1. [R >= 3.4](https://www.r-project.org/)
2. [mgcv](https://cran.r-project.org/web/packages/mgcv/index.html), [strucchange](https://cran.r-project.org/web/packages/strucchange/index.html), [doParallel](https://www.rdocumentation.org/packages/parallel/versions/3.4.1), [Cairo](https://cran.r-project.org/web/packages/Cairo/index.html), [foreach](https://cran.r-project.org/web/packages/optparse/index.html)

Python and Python packages

1. [python >= 3.5](https://www.python.org/)
2. [pyparix >= 0.3.0](https://github.com/4dn-dcic/pairix#pypairix), [cooler >= 0.7.4](https://github.com/mirnylab/cooler), [pairtools >= 0.2.2](https://github.com/mirnylab/pairtools), [numpy](https://www.scipy.org/install.html), [scipy](https://www.scipy.org/install.html), [pandas](https://pandas.pydata.org/), [sklearn](https://scikit-learn.org/stable/install.html), [multiprocessing](https://pypi.org/project/multiprocess/)
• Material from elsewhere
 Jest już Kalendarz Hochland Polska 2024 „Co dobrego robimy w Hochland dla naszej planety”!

Java and related tools (Optional: required when want to process Hi-C data with juicer tools)

1. [Java (version >= 1.7)](https://www.java.com/en/download/)
2. [Juicer tools (1.8.9 is recommended)](https://github.com/aidenlab/juicer/wiki/Download) 

Perl

1. [Perl (version >= 5)](https://www.perl.org/)


Other dependencies

1. [samtools](http://www.htslib.org/doc/) (1.3.1+)
2. [BIC-seq2](http://www.math.pku.edu.cn/teachers/xirb/downloads/software/BICseq2/BICseq2/BICseq2-seg_v0.7.3.tar.gz) (0.7.3) ! This is optional: if you don't want to run HiNT-CNV, you don't need this package. No need to install, just download BICseq2, unzip it, and give the path where you stored to HiNT.
3. [bwa](https://sourceforge.net/projects/bio-bwa/files/) (0.7.16+) ! This is optional: required only when your input is fastq
4. [tabix](https://sourceforge.net/projects/samtools/files/tabix/) (0.2.6)

### Install HiNT
* Method1: Install from PyPI using pip.

	``` $ pip install HiNT-Packages```

* Method2: Install using conda (highly recommend)
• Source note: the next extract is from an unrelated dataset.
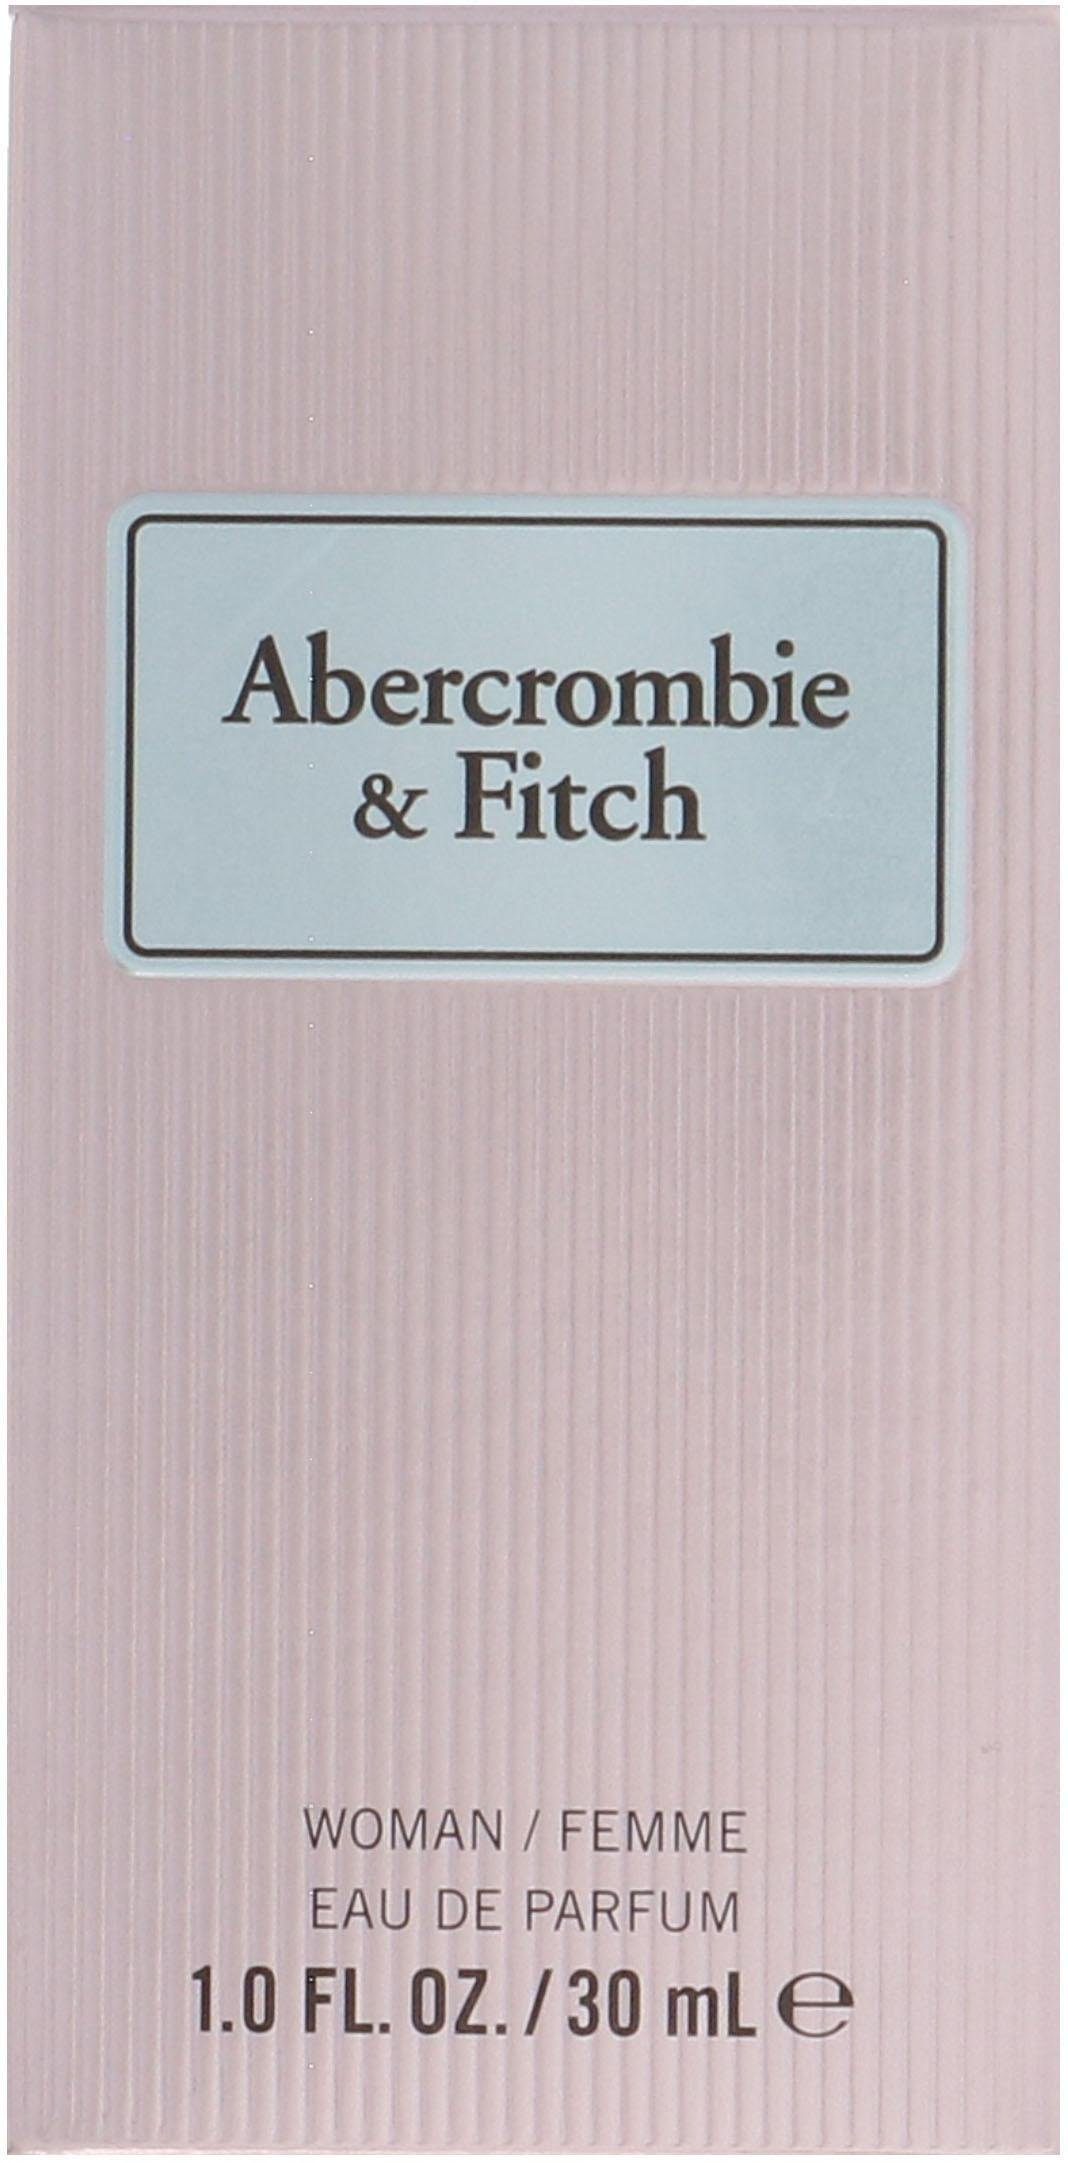 Parfum First Eau Instinct Abercrombie Fitch Women & de

	``` $ conda install hint```

* Method3: Install manually 
  1. Install HiNT dependencies
  2. Download HiNT ```git clone https://github.com/parklab/HiNT.git```
  3. Go to HiNT directory, install it by ```$ python setup.py install ```

*** Type ```$ hint``` to test if HiNT successfully installed

### Download reference files used in HiNT

1. Download HiNT references [HERE](https://www.dropbox.com/sh/qas48d7409t2syz/AACk5G2ngZ0vylLXsLFZXif_a?dl=0). Only hg19, hg38 and mm10 are available currently. Unzip it ```$ unzip hg19.zip ```
2. Put reference files into the HiNT directory ```$ mv hg19/* where_you_put_HiNT/HiNT/HiNT/references/```

## Quick Start

* Download the test datasets from [HERE](https://www.dropbox.com/sh/z1rceh8ddnsdtj7/AAC0VuDu48eh_RtzKHipztkLa?dl=0)

### HiNT-PRE
HiNT pre: Preprocessing Hi-C data. HiNT pre does alignment, contact matrix creation and normalization in one command line.
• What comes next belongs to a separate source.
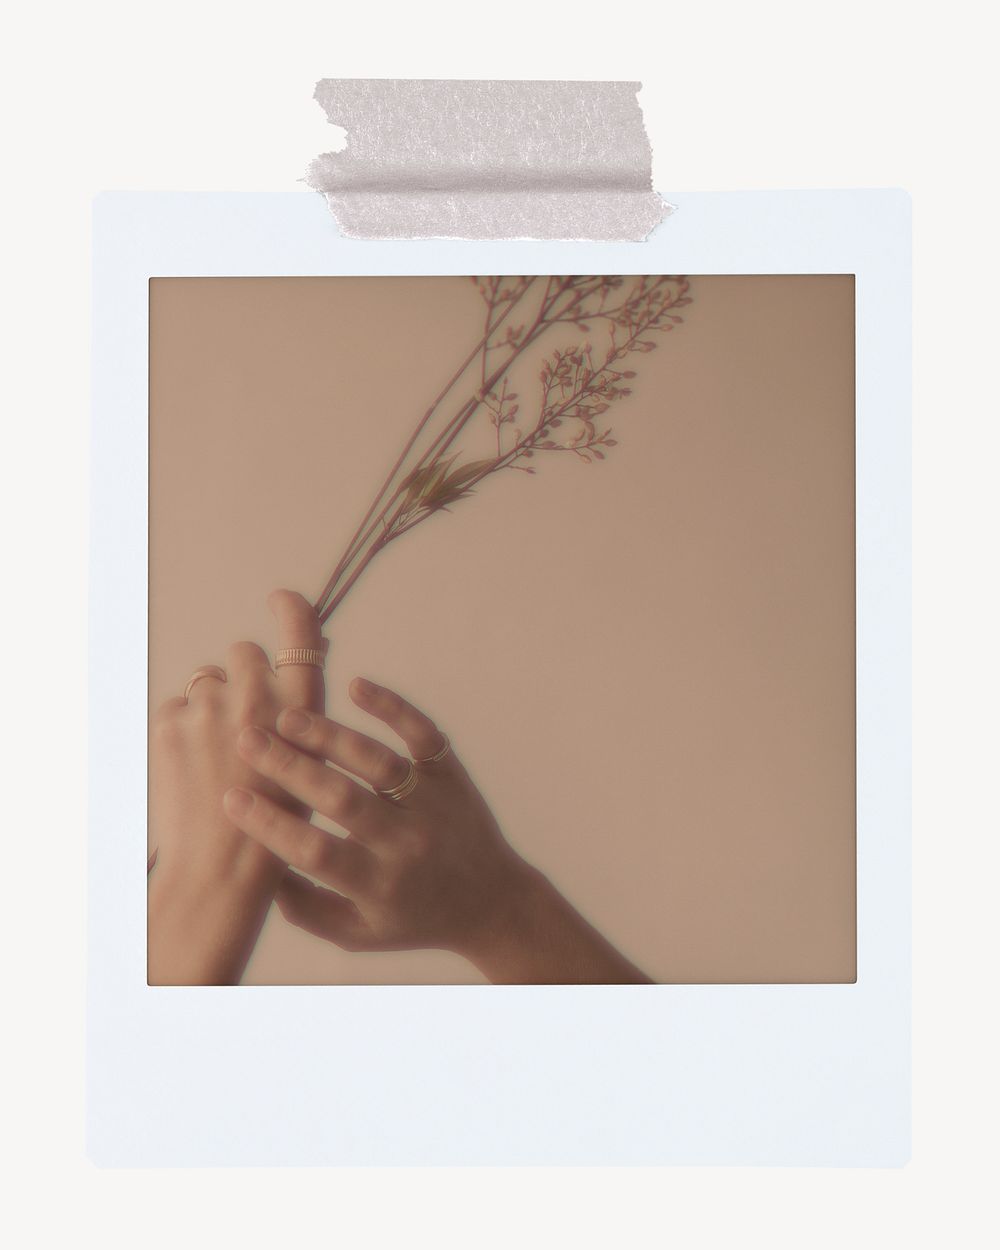 Aesthetic hands holding flower, instant photo frame

```$ hint pre -d /path/to/hic_1.fastq.gz,/path/to/hic_2.fastq.gz -i /path/to/bwaIndex --informat fastq --outformat cooler -g hg19 -n test -o /path/to/outputdir --pairsampath /path/to/pairsamtools```

see details and more options

```$ hint pre -h ```

### HiNT-CNV
HiNT cnv: prediction of copy number information, as well as segmentation from Hi-C.

```$ hint cnv -m contactMatrix.mcool -f cooler -r 50 -g hg19 -n test -o /path/to/outputDir```

see details and more options

```$ hint cnv -h ```

### HiNT-TL
HiNT tl: interchromosomal translocations and breakpoints detection from
Hi-C inter-chromosomal interaction matrices.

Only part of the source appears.